Remembering To Be Human

It is notable that theologians, in emphasizing the importance of creative appropriation in the development of tradition, parallel the evolutionary perspective just scetched. Lieven Boeve’s concept of recontextualisation (which in turn builds on e.g. Schillebeeckx’s work, thus in itself being an example of how a cultural tradition ‘works’), is an example in point:

"For sure, faith cannot be reduced to context, nor can tradition development to mere adaptation to the context. Nevertheless, there is an intrinsic bond between faith and tradition, on the one hand, and context, on the other. Hence, contextual novelty puts pressure on historically conditioned expressions of faith and their theological understanding, and drives towards recontextualization. In both taking part in, and confronting itself with this changed context, Christian communities may find new ways to express their faith, in fidelity to the tradition as well as to the context in which they are situated – balancing between continuity and discontinuity.”  

During the month of November, marked by All Souls Day, All Saints, and Armistice Day (Veteran’s Day in the US), it seems appropriate to reflect on our species’s ability to remember, and on what it means to remember in the light of our evolutionary history. The importance of remembering, as part of recontextualisation, is often underestimated. A Belgian newspaper - publishing mainly economic news - featured a cartoon about All Shouls Day, which suggests that only the here and now matters.

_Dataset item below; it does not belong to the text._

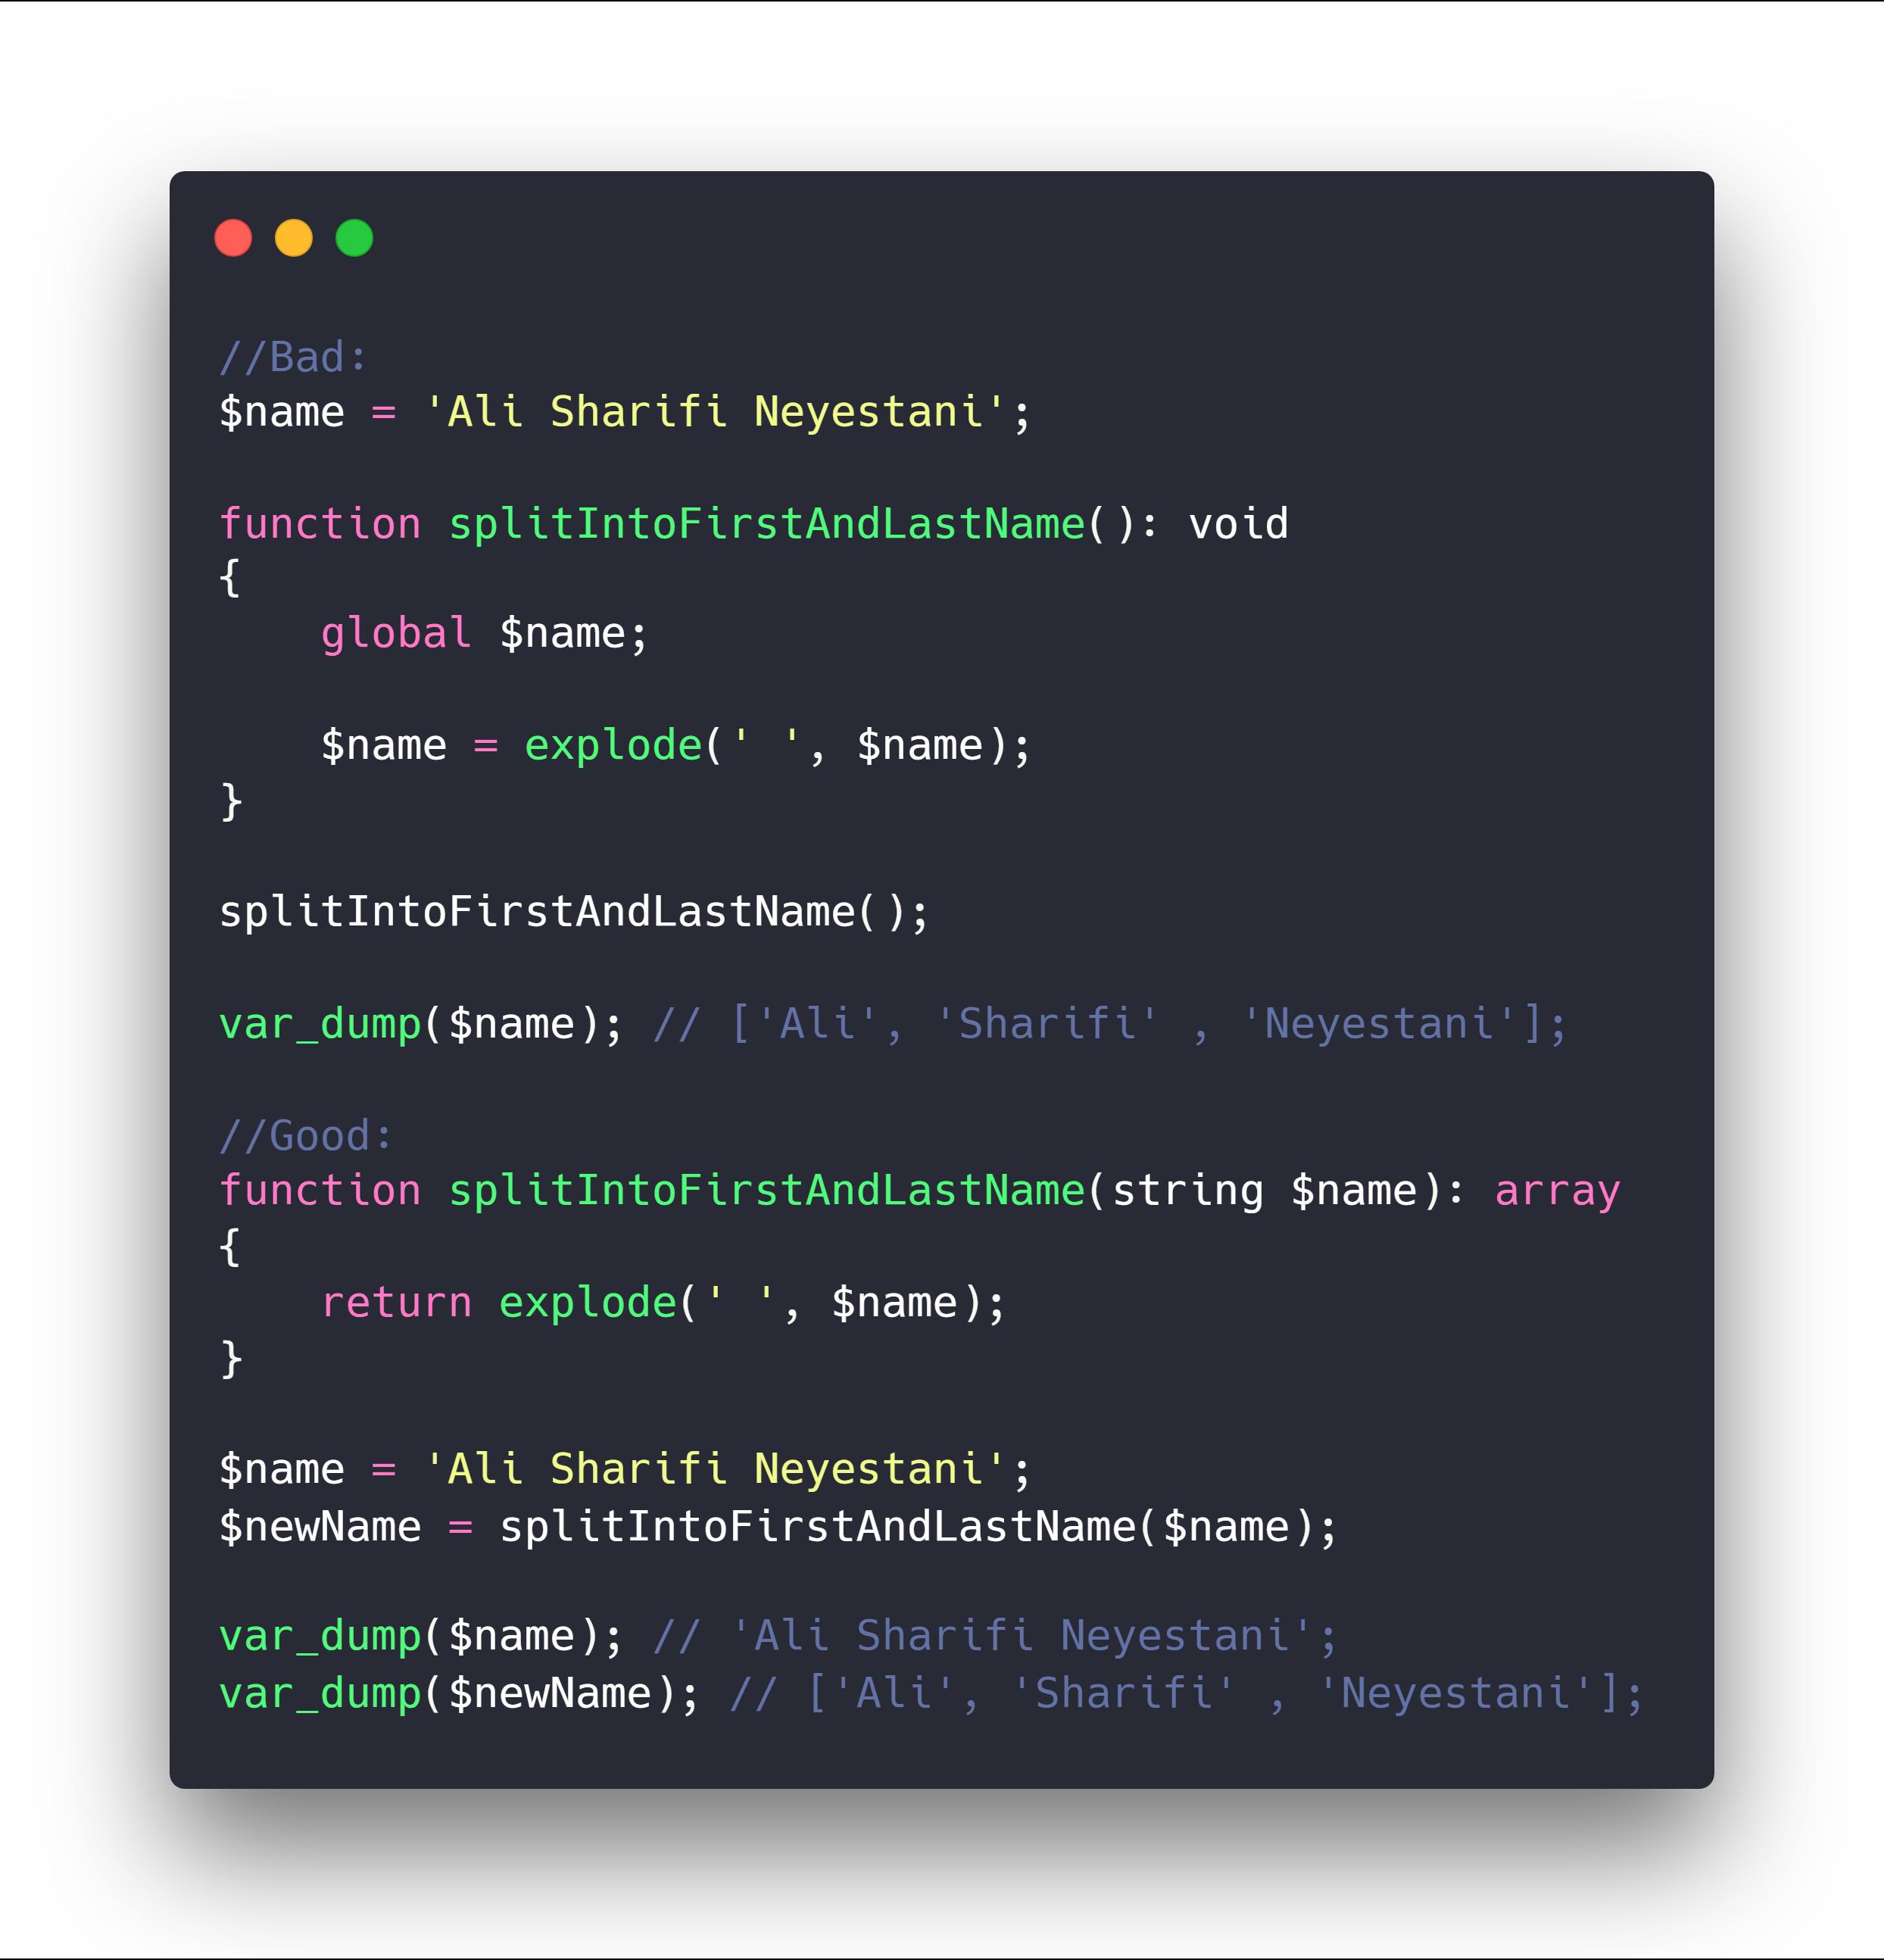 در مثال اول اگر تابع دیگری داشته باشیم که از متغیر name استفاده نماید. انتظار پارامتری را دارد که string است در صورتی که یک آرایه تحویل میگیرد
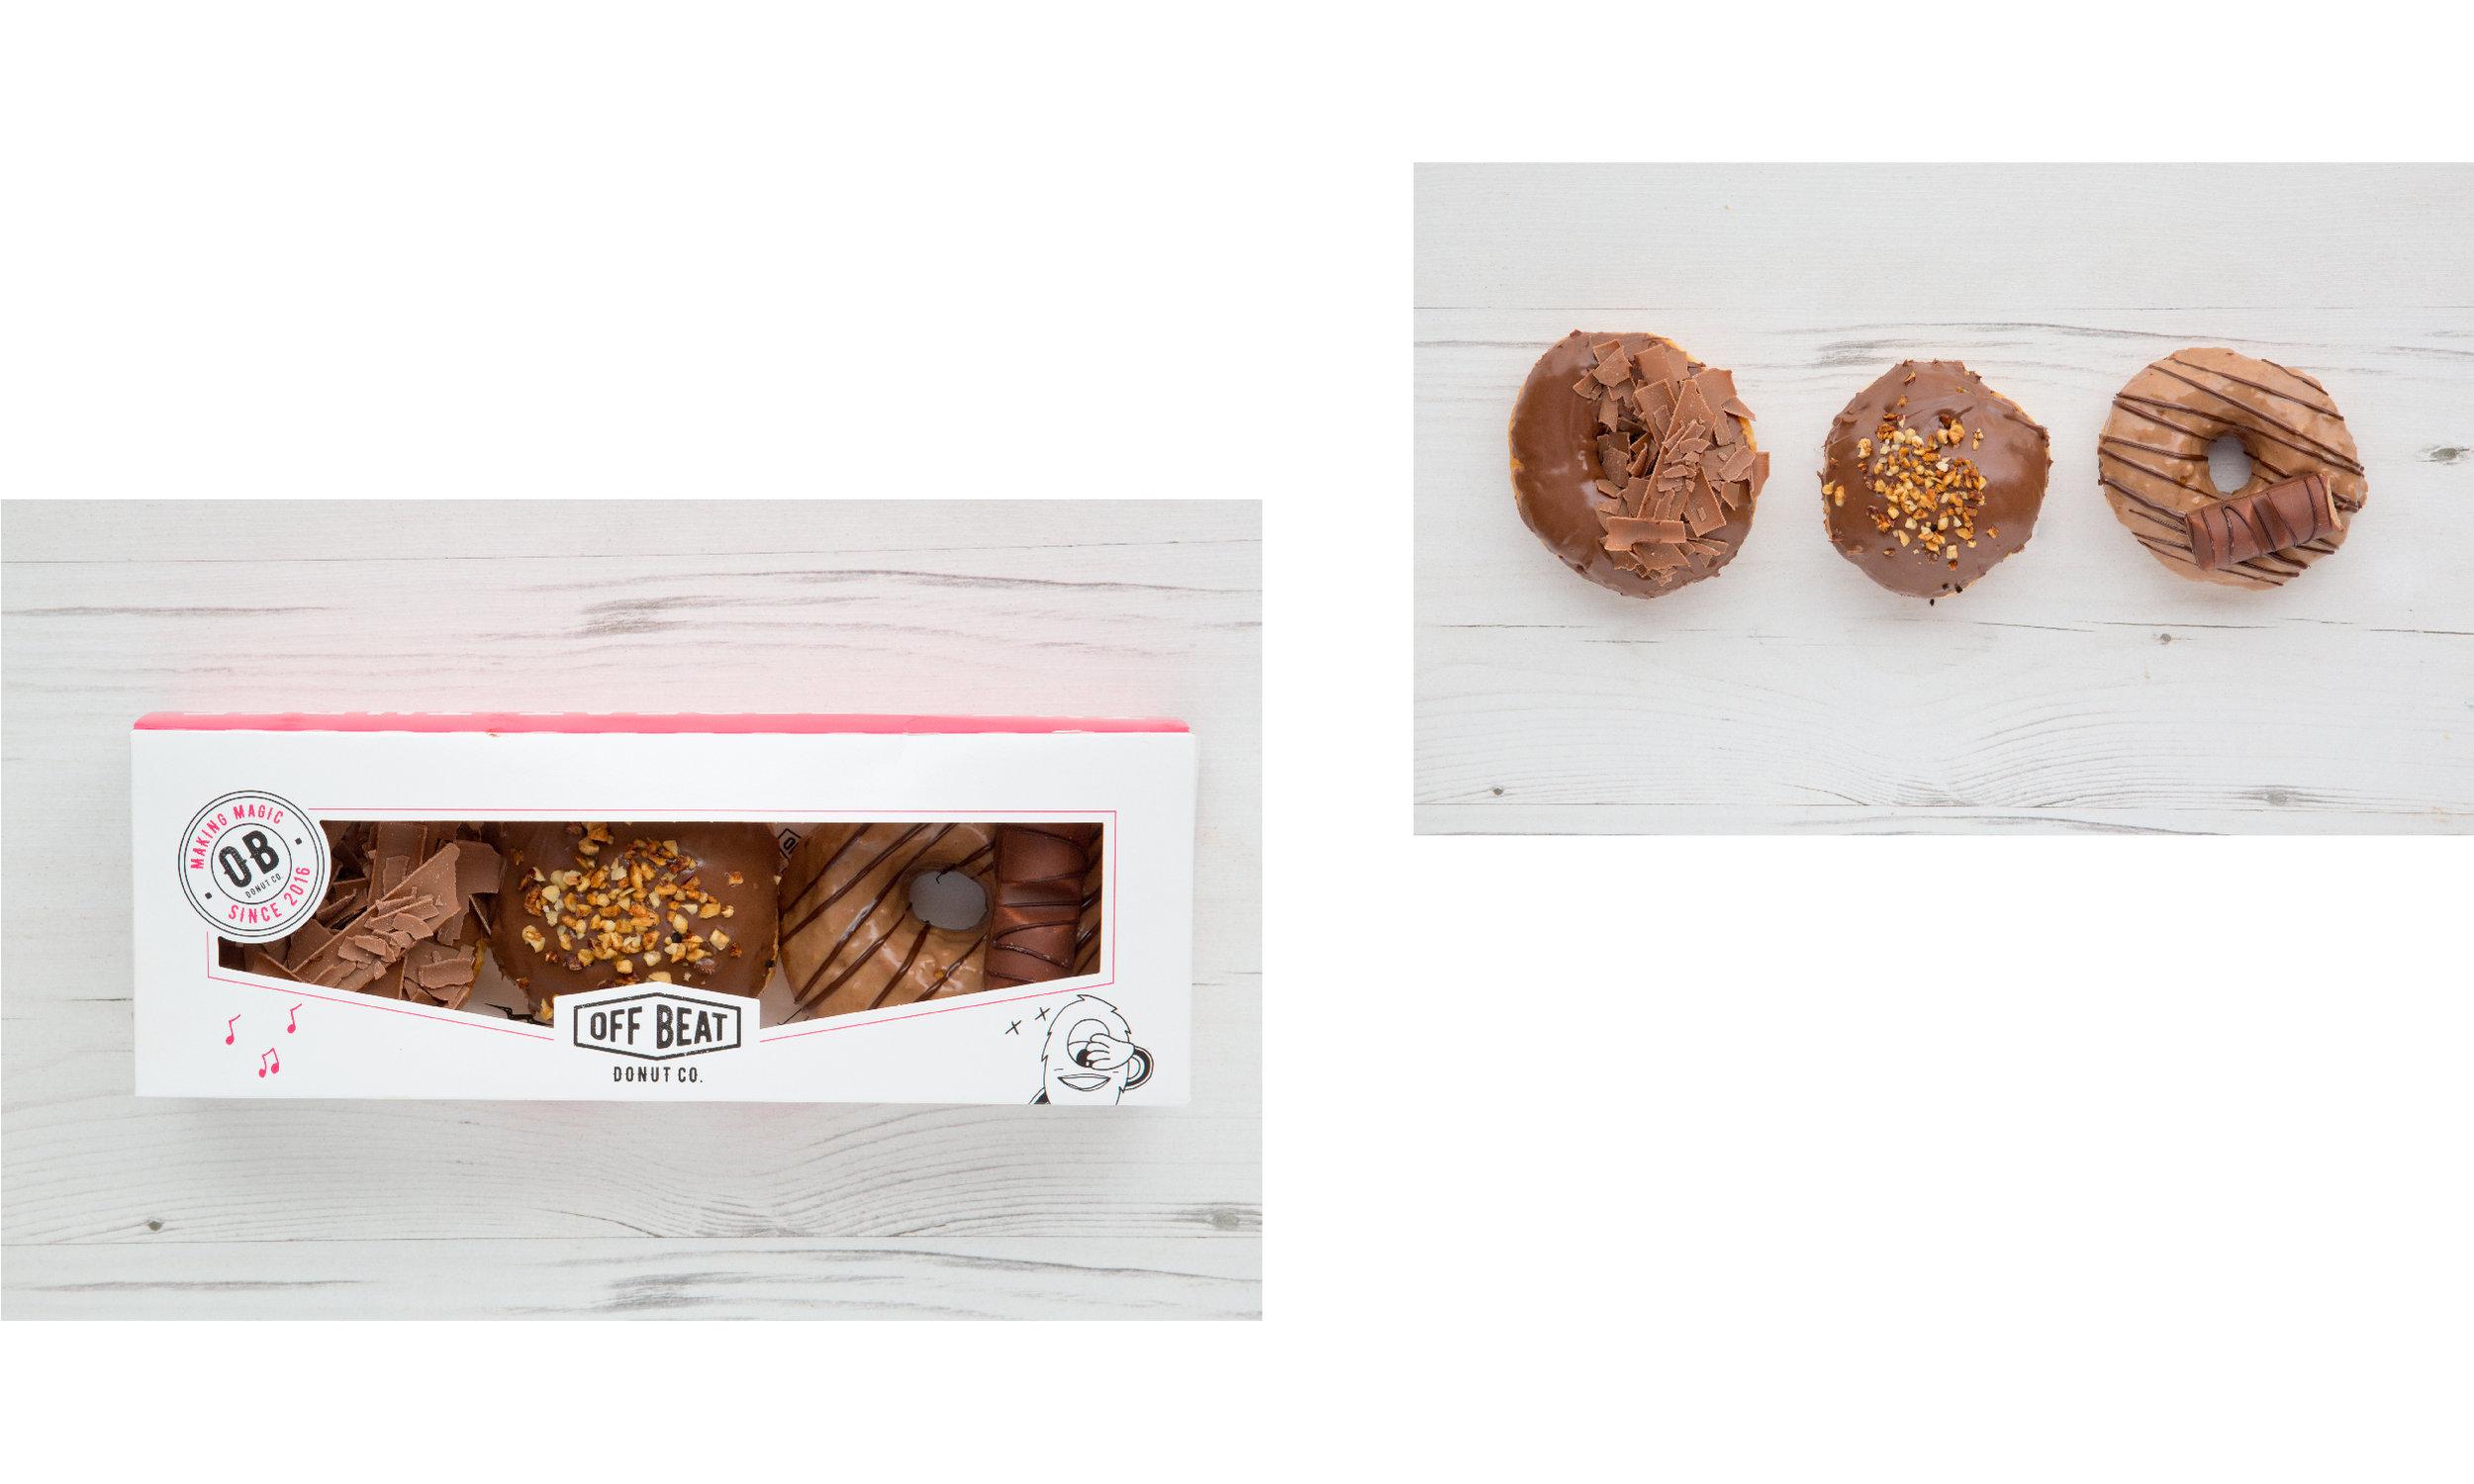 LMPP Offbeat Donuts 3 box.jpg

The cartoon shows a (grand)son offering flowers to his aged (grand)mother, saying: “At least now you can still enjoy them”. This suggests that putting flowers on our deceased’s graves is futile. This is an example of the vulnerability of cultural traditions in two ways: first, it shows we risk losing part of our cultural inheritance, since the cartoonist clearly has forgotten why we visit the graves of our lost ones, and second, the cartoon itself promotes ‘forgetting’, focussing on the ‘here and now’ as the only context that matters, as a context that reduces meaning and makes remembering impossible. Of course, from a materialist perspective, visiting graves, asking for the intercession of Saints (the very concept of sainthood even!) or rituals such as the Last Post, are useless. At the same time, if we really are to be ‘Homo sapiens’, if we really are to become Imago Dei, one could wonder whether these are not precisely the things that matter most. In this November month, dedicated to remembering as it is, one might experience that it is only by remembering the way we were, that human becoming can continue.